Paris - First Impressions

We had an early morning departure from Glasgow, and after a smooth arrival, we worked our way around to the RER (train) station to get into central Paris. Waited in various queues to try and get ourselves tickets - and finally obtained our very own NAVI cards (complete with photograph), loaded with a weekly ticket on any form of public transport within Paris's inner 6 zones.

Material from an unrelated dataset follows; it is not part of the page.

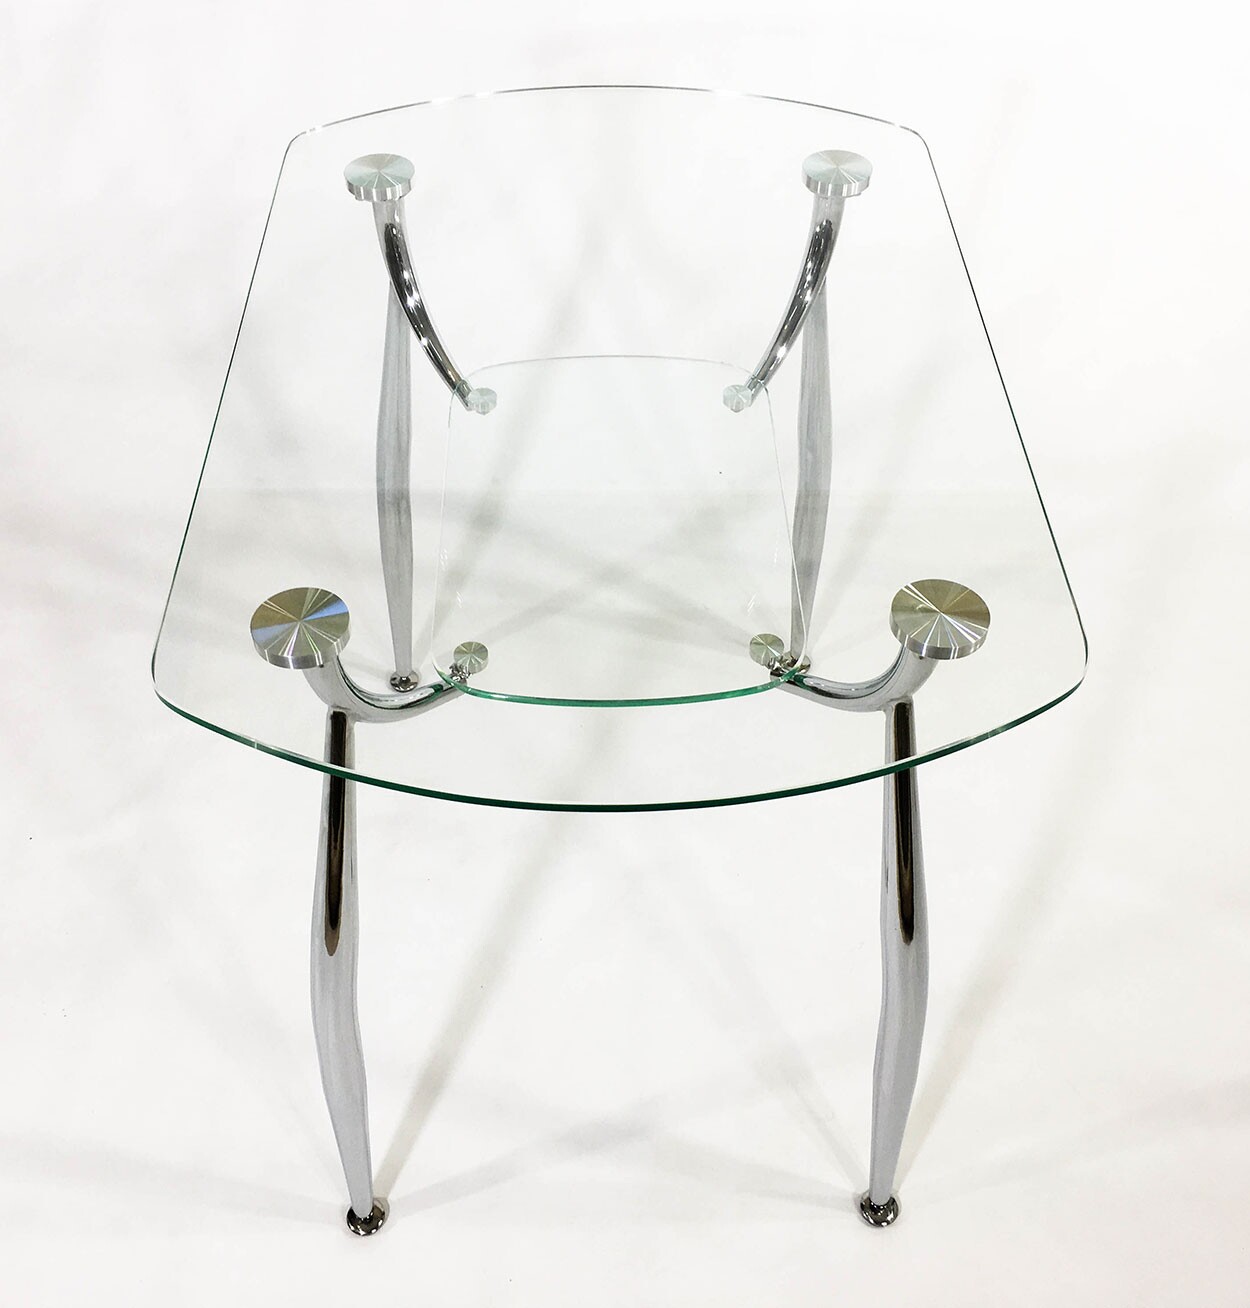 Прямоугольный стеклянный стол Вокал 32 прозрачный

Cecilia, our host in Paris, had prescribed us very good instructions on how to reach the guesthouse. Our route was to be RER line B to Gare du Nord, RER E to Gare St Lazare, then a suburban train to Becon Les Bruyeres. A few hiccups at Gare du Nord resulted in having to do several loops, and a more difficult transition at St Lazare - when we couldn't find the suburban trains, and ended up at a Metro station instead - held us back and we only arrived at our Cecilia's place by 4pm. Good workout though, backpacks in tow, left us pretty exhausted.

Cecilia was absolutely lovely and welcomed us with a warm embrace, big smile and open arms, but soon we were resting comfortably.

In the evening we had our first night on the town, heading into the Latin Quartier for a stroll and some dinner. Paris was stunning, with beautiful architecture and a lively buzz, and with sunlight till 9.30pm. Spots of rain couldn't dampen our mood, however a downpour had us ducking for cover, next to.. a crepe stall! Steaming hot crepes in hand, the rain eased enough to allow us to walk around, grab a quick 'menu' (fixed price) three course meal for 11 Euro (we greeted everyone with our only French greeting 'Bonjour' - only to later find out that this is 'good morning' and 'Bonsoir' is the equivalent evening greeting :P), and we headed home damp but thrilled at the prospect of 6 more days in the magical city.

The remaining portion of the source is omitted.